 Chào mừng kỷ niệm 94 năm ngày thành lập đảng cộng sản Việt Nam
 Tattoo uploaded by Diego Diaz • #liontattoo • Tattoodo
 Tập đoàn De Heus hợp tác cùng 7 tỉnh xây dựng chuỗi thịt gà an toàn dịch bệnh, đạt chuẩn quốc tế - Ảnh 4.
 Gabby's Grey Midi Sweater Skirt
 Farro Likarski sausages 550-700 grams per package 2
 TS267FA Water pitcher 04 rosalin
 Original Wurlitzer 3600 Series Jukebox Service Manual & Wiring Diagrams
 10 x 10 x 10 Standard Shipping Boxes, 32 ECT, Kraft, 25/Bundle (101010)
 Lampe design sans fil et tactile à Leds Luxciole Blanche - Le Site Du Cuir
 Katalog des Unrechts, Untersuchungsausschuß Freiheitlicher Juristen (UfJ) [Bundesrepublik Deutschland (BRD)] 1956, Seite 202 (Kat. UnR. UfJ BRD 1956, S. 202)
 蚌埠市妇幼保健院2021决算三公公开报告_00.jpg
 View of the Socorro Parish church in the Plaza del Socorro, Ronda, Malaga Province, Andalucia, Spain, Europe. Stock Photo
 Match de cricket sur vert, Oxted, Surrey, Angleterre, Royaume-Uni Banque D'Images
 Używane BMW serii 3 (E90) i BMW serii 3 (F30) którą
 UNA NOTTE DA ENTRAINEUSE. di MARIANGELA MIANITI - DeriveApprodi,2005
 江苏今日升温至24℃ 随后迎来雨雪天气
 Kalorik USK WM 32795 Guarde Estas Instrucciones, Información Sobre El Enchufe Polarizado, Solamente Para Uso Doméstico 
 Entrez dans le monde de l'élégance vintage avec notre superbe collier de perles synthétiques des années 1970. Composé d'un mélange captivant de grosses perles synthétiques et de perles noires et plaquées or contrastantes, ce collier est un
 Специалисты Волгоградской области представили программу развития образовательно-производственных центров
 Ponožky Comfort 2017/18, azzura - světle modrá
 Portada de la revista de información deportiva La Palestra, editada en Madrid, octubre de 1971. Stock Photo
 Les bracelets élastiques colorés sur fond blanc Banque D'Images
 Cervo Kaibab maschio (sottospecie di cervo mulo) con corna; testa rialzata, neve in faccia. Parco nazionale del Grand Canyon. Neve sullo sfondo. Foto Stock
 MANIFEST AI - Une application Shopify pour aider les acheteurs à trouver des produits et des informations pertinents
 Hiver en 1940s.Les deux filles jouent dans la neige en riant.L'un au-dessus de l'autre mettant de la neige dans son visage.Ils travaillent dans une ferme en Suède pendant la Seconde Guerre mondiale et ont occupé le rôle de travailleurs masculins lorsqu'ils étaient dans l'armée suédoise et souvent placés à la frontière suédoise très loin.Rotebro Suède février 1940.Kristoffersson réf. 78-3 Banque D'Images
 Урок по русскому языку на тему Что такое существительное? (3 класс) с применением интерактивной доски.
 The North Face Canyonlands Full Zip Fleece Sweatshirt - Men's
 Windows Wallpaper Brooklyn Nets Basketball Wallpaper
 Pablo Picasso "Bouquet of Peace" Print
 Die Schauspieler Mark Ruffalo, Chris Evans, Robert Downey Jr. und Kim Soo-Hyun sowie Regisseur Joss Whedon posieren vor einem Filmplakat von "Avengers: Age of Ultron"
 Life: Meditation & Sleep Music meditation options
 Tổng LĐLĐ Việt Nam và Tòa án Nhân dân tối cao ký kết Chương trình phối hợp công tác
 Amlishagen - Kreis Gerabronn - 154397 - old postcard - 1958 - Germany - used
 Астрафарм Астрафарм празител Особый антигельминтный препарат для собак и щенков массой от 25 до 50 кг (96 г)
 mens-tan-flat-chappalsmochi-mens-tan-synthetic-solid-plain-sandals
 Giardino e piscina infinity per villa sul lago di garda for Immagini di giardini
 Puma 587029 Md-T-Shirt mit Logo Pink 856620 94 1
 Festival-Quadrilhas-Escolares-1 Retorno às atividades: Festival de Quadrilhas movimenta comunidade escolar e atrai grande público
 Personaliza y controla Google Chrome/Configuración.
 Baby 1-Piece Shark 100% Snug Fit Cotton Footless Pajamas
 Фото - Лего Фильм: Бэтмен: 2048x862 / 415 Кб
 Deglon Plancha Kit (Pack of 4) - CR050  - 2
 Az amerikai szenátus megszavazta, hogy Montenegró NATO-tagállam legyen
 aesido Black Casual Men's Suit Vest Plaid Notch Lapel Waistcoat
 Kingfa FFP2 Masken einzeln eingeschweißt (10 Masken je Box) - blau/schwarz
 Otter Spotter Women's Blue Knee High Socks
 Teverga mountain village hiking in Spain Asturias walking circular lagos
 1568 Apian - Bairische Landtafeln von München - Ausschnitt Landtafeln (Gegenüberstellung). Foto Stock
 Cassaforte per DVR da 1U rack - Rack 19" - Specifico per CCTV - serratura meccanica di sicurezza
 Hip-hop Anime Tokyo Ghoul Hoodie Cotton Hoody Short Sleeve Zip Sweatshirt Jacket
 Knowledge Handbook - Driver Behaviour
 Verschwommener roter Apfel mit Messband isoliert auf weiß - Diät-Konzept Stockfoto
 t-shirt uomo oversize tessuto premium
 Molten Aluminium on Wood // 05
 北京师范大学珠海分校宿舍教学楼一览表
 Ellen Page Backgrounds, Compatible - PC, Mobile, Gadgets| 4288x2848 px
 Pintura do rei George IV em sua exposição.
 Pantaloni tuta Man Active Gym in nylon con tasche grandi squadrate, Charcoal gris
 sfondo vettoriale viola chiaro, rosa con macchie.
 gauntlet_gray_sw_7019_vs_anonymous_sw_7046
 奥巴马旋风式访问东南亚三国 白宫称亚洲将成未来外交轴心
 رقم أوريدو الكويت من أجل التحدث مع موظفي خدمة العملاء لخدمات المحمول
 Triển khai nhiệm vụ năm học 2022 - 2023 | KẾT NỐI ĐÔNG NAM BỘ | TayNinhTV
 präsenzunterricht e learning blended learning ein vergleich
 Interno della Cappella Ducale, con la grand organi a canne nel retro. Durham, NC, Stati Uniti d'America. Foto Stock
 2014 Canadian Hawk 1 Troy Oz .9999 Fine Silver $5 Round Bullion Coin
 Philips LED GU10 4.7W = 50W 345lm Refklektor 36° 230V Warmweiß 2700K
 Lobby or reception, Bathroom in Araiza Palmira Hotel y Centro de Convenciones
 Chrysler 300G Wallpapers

▸ WORK REQUIRED
Using the entries above, return each line that includes the word "sfondo".

▸ RESPONSE FOR THIS EXERCISE
 Cervo Kaibab maschio (sottospecie di cervo mulo) con corna; testa rialzata, neve in faccia. Parco nazionale del Grand Canyon. Neve sullo sfondo. Foto Stock
 sfondo vettoriale viola chiaro, rosa con macchie.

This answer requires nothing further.